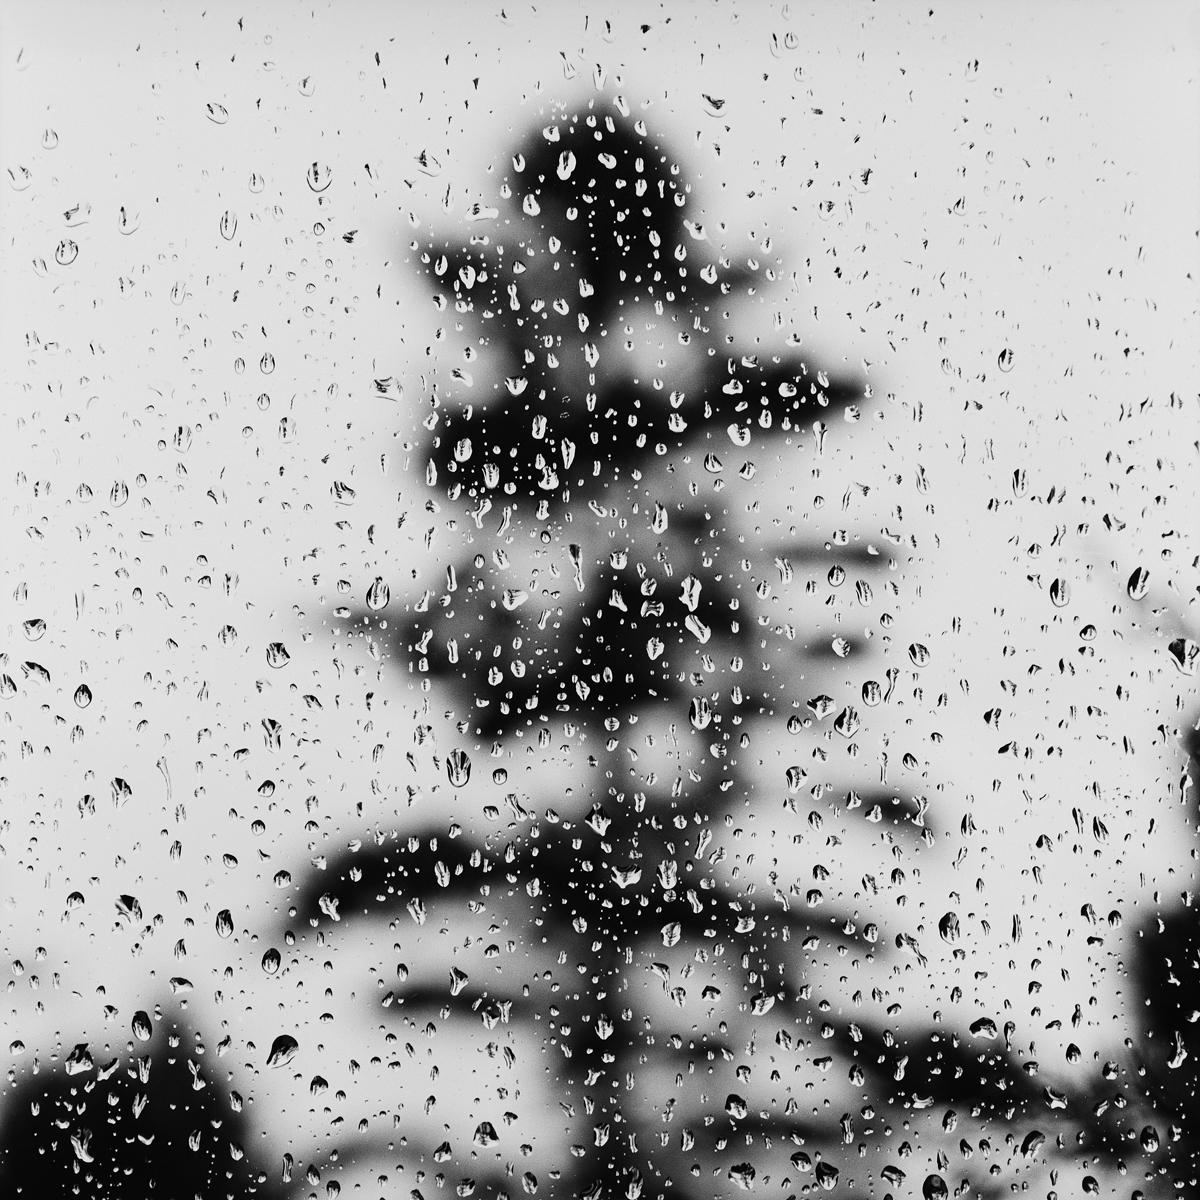 28. Raindrops and White Pine Tree, Valcour, NY. 1999. Toned Gelatin Silver Print.
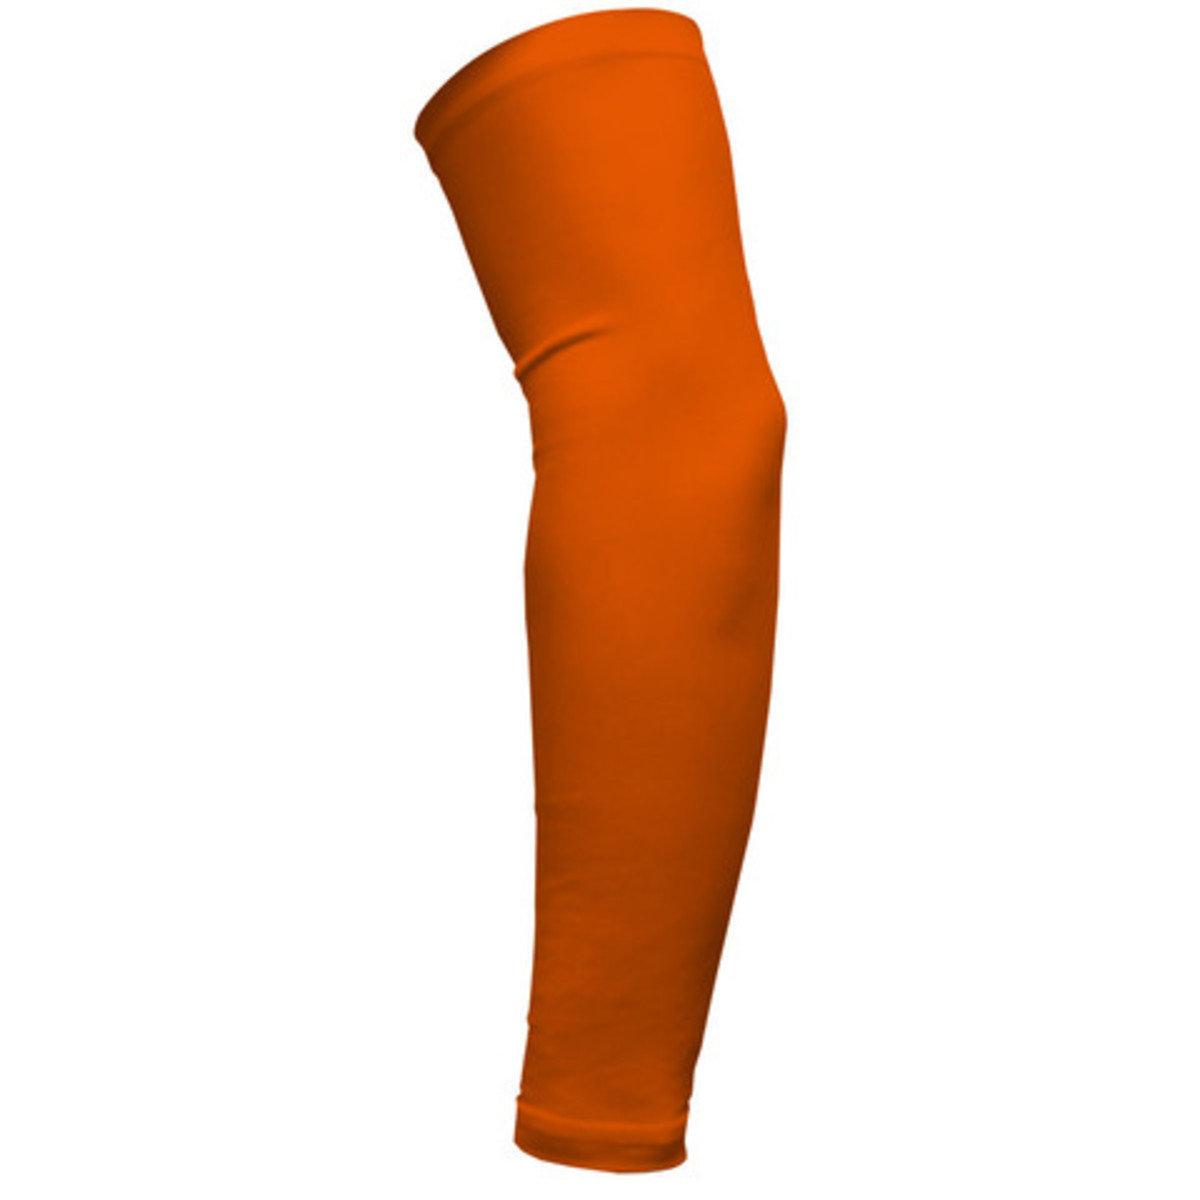 Mandarin Arm Sleeves-SL-MAN
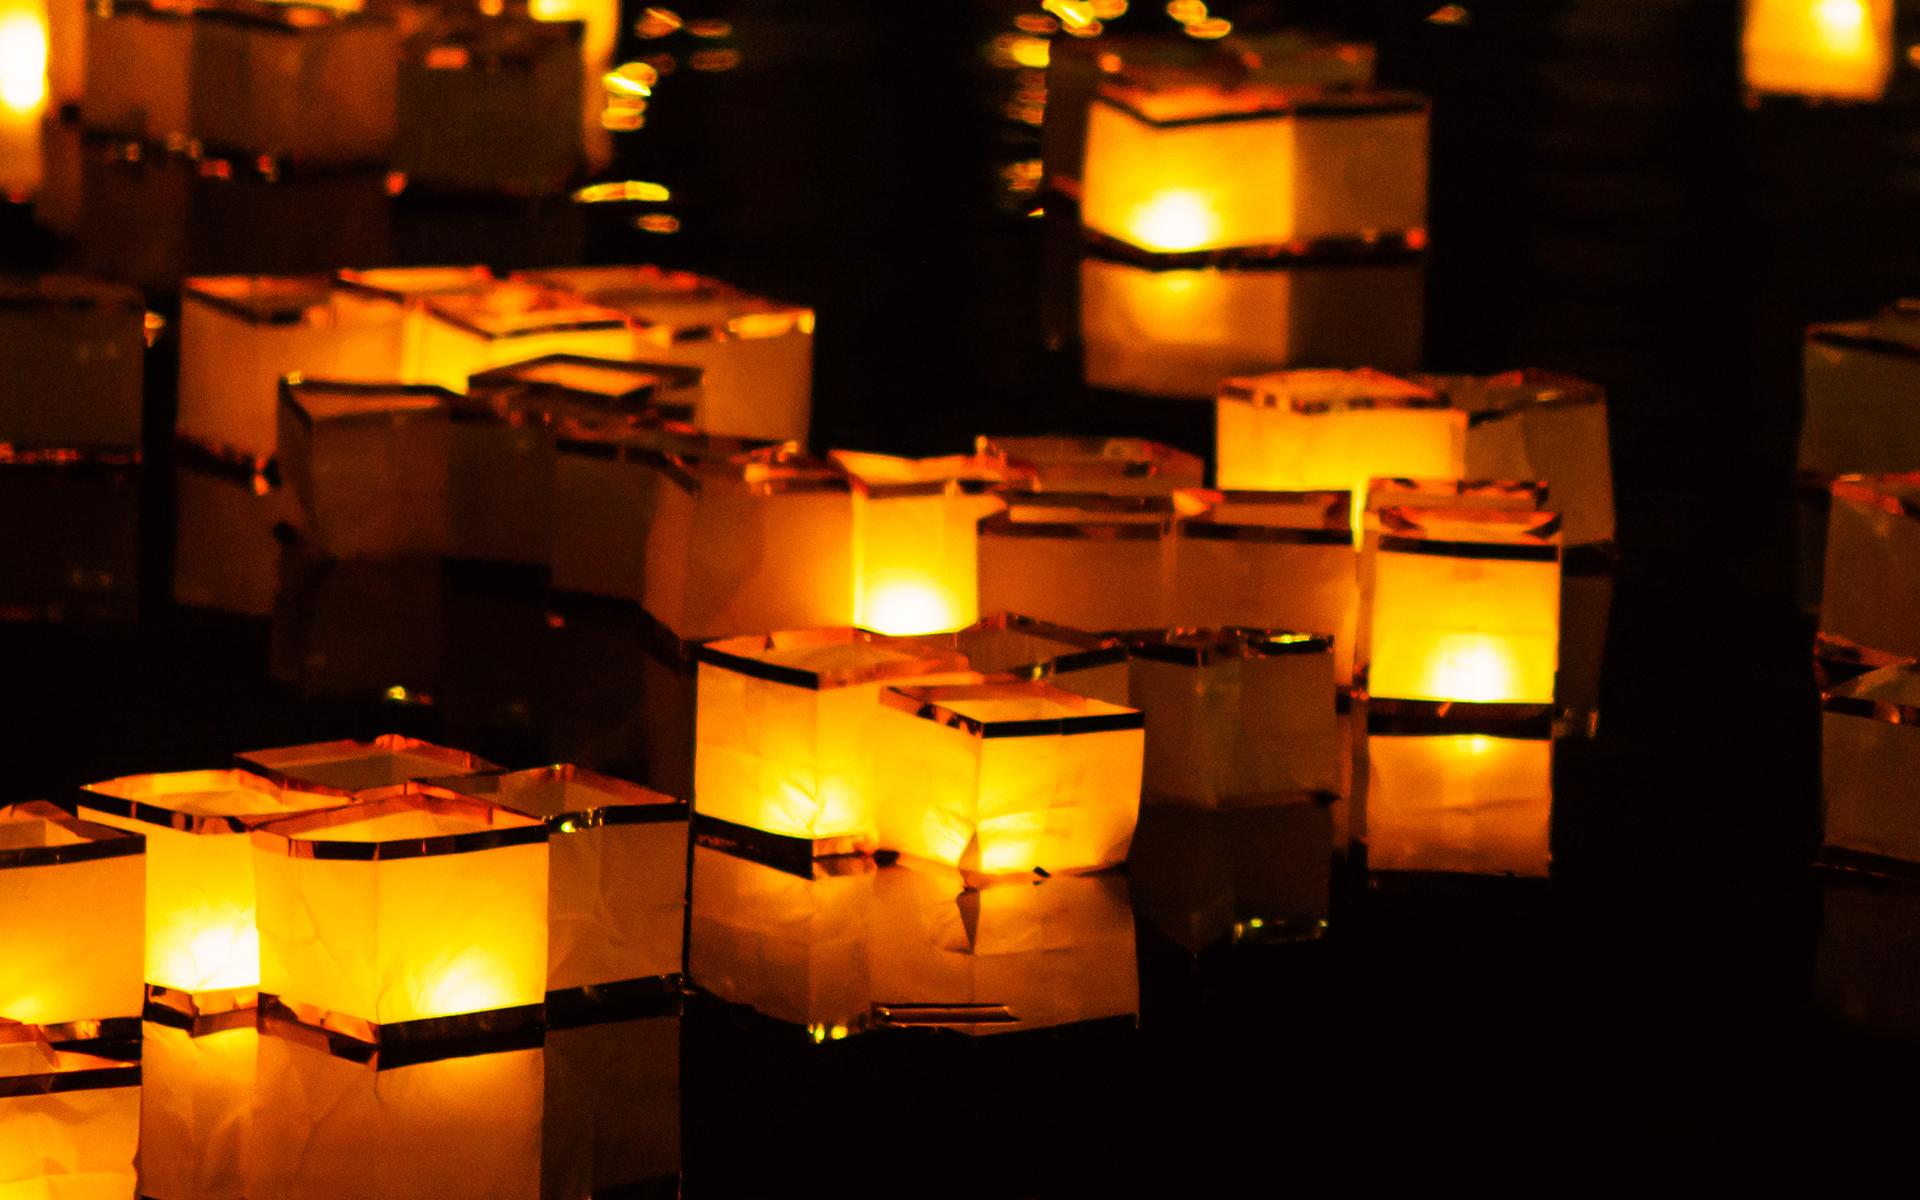 San Antonio Botanical Garden Honors Japanese Tradition With Water Lantern Release Artslut

= = = = = = =

● **WORK ITEM**: Every line of the material must be reproduced verbatim; the pictures are to be omitted.

● **YOUR RESPONSE**:
 28. Raindrops and White Pine Tree, Valcour, NY. 1999. Toned Gelatin Silver Print.
 Mandarin Arm Sleeves-SL-MAN
 San Antonio Botanical Garden Honors Japanese Tradition With Water Lantern Release Artslut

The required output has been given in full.